## WORK TO BE COMPLETED:
Reproduce the listing below exactly, minus its pictures.

## GIVEN INFORMATION:

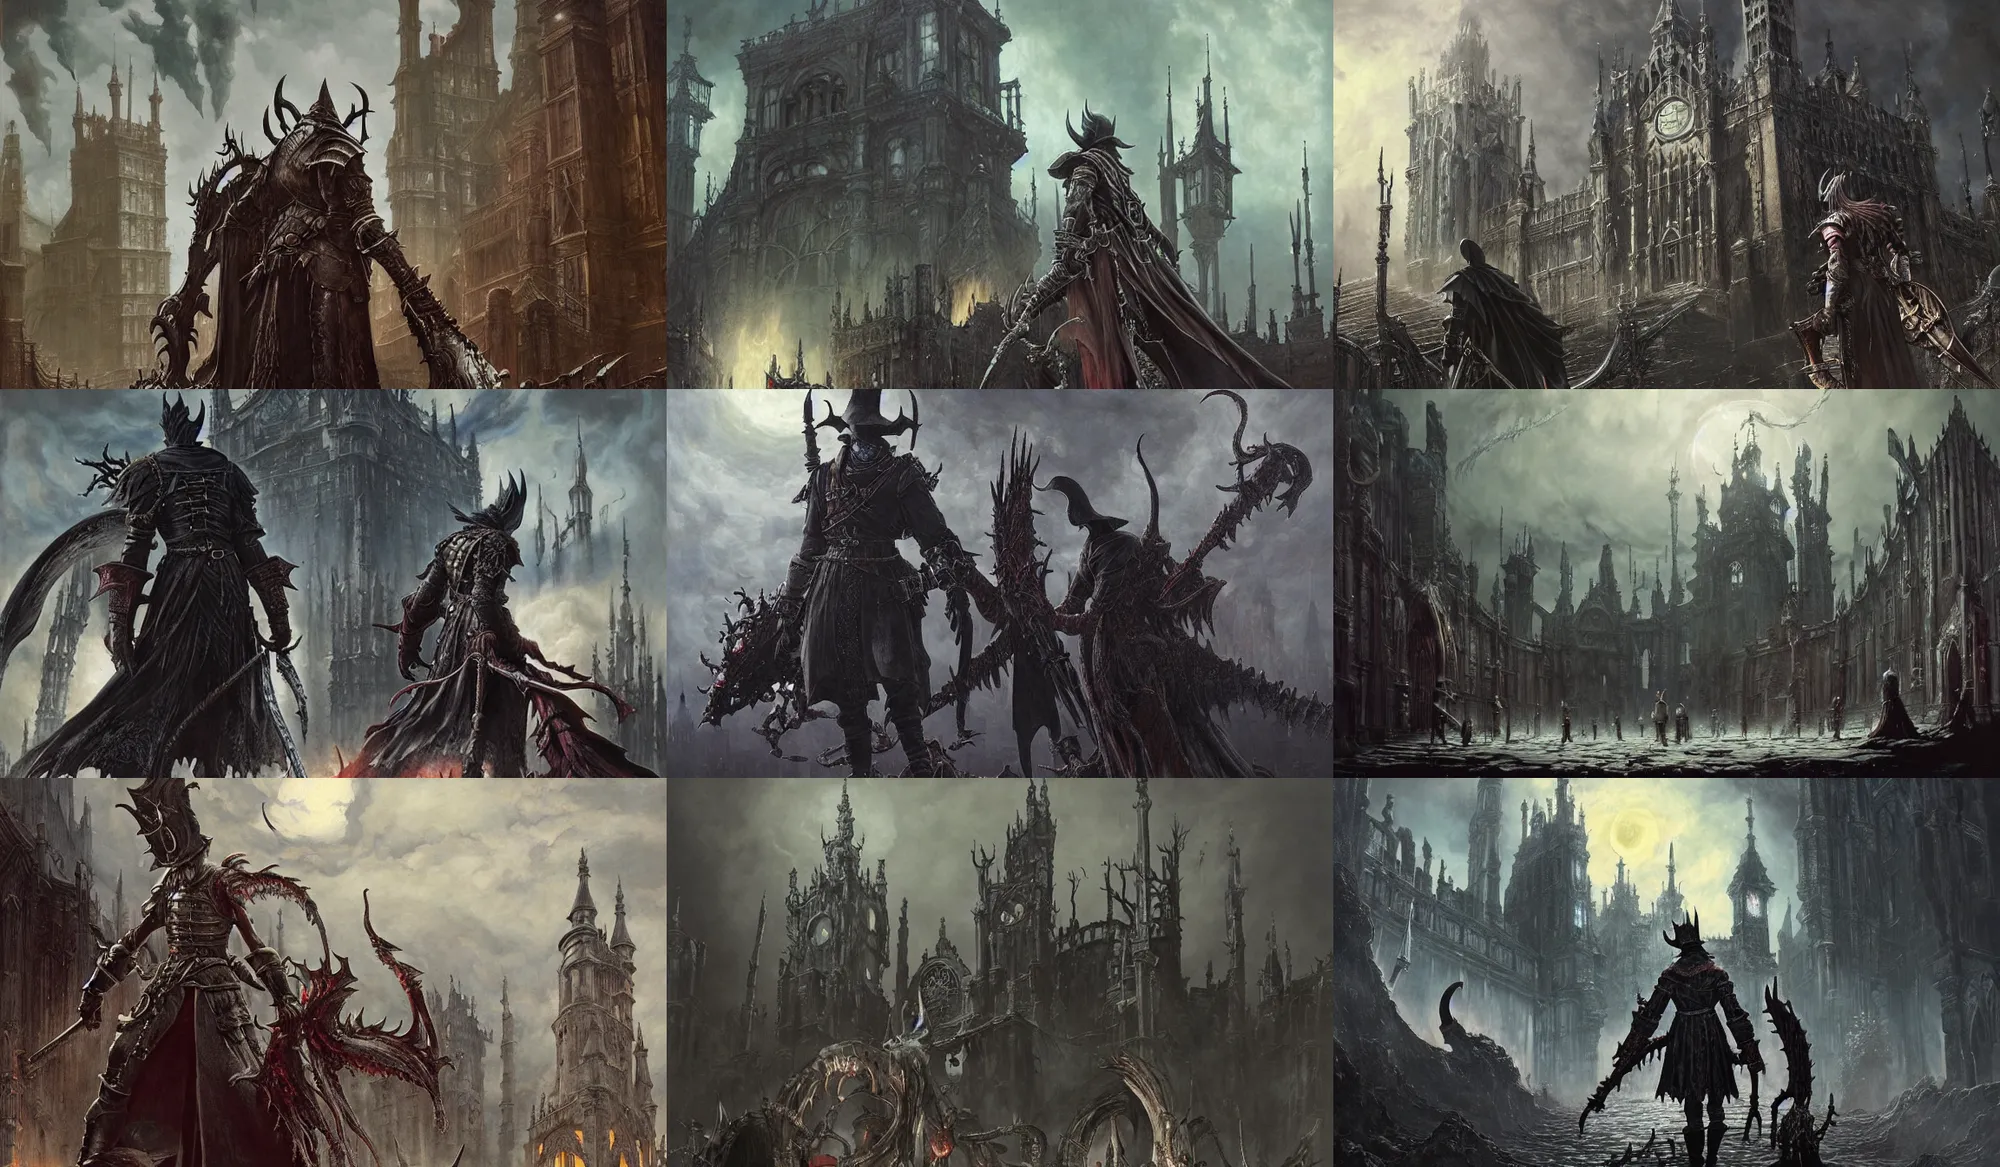 Prompt: painting by studio ghibli and henryk siemiradzki and gred hildebrandt, gothic dark fantasy bloodborne, epic multifigures composition
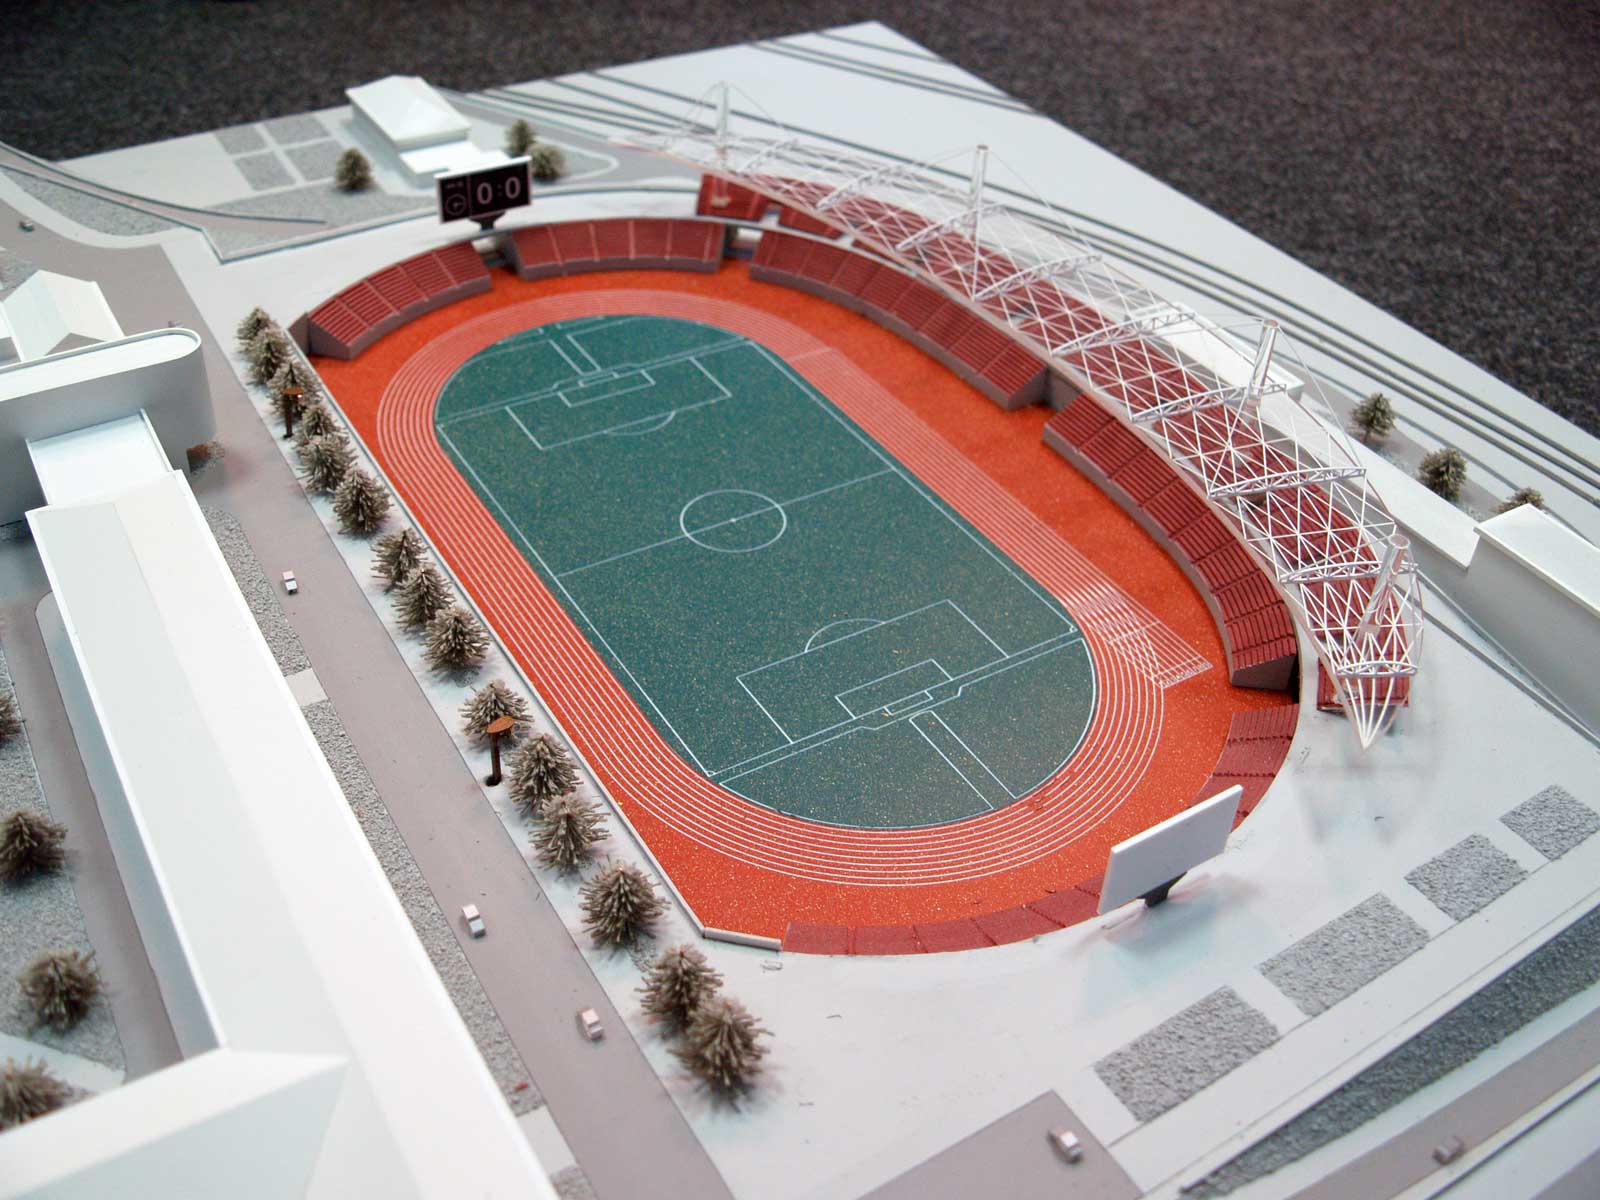 Макет реконструкции стадиона центрального спортивного клуба. На территории Министарства обороны Украины.
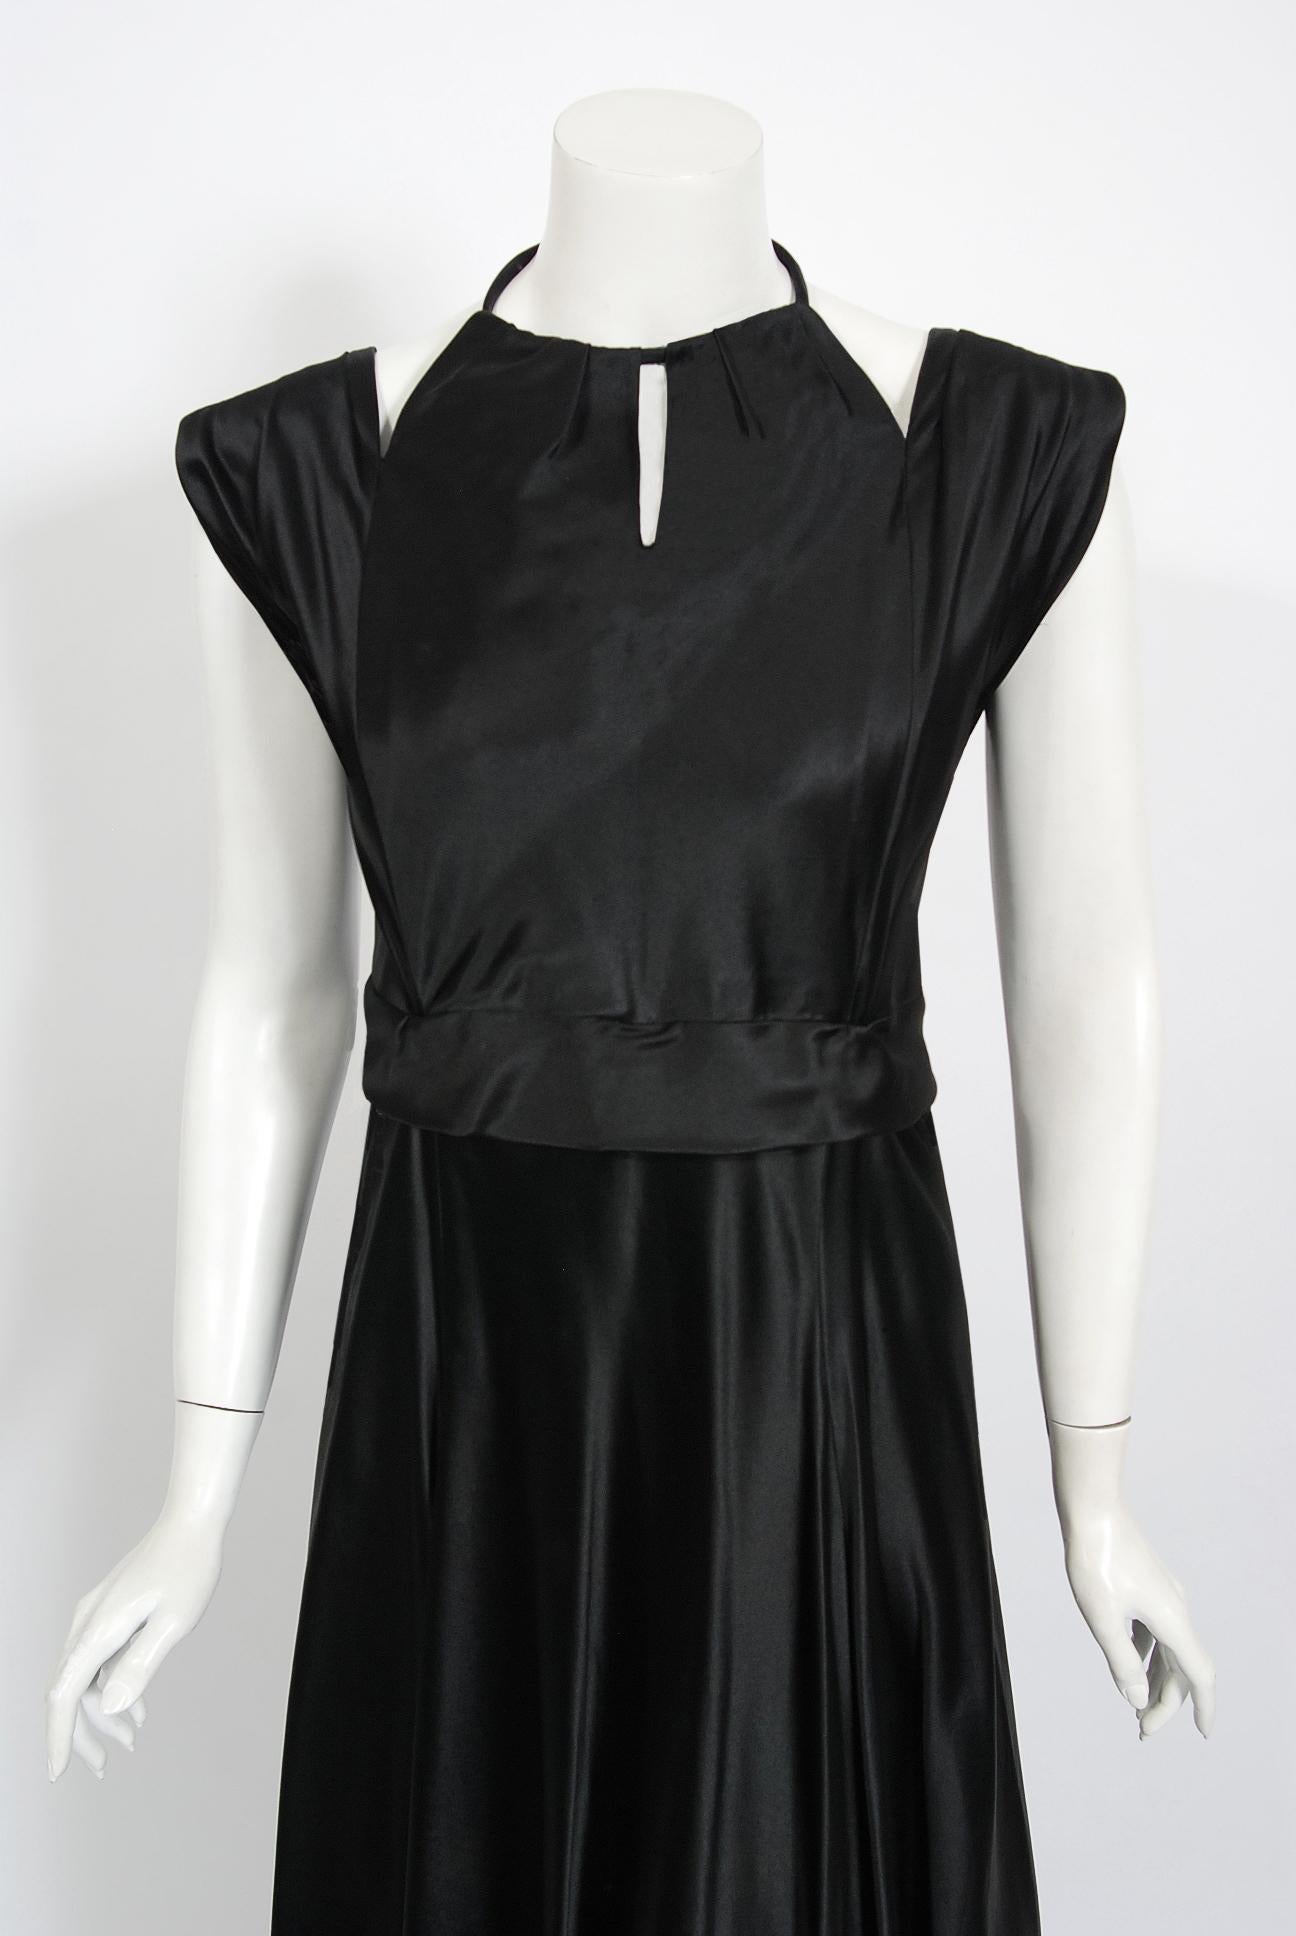 Ein atemberaubendes und unglaublich seltenes bodenlanges Kleid des französischen Modeschöpfers Marcelle Dormoy aus den frühen 1940er Jahren. Angefangen hat sie als Model für Paul Poiret, der ihr ihrer Meinung nach geholfen hat,

## RESULT FOR THIS TASK:
 Prompt: painting by studio ghibli and henryk siemiradzki and gred hildebrandt, gothic dark fantasy bloodborne, epic multifigures composition
 Макет реконструкции стадиона центрального спортивного клуба. На территории Министарства обороны Украины.
 Ein atemberaubendes und unglaublich seltenes bodenlanges Kleid des französischen Modeschöpfers Marcelle Dormoy aus den frühen 1940er Jahren. Angefangen hat sie als Model für Paul Poiret, der ihr ihrer Meinung nach geholfen hat,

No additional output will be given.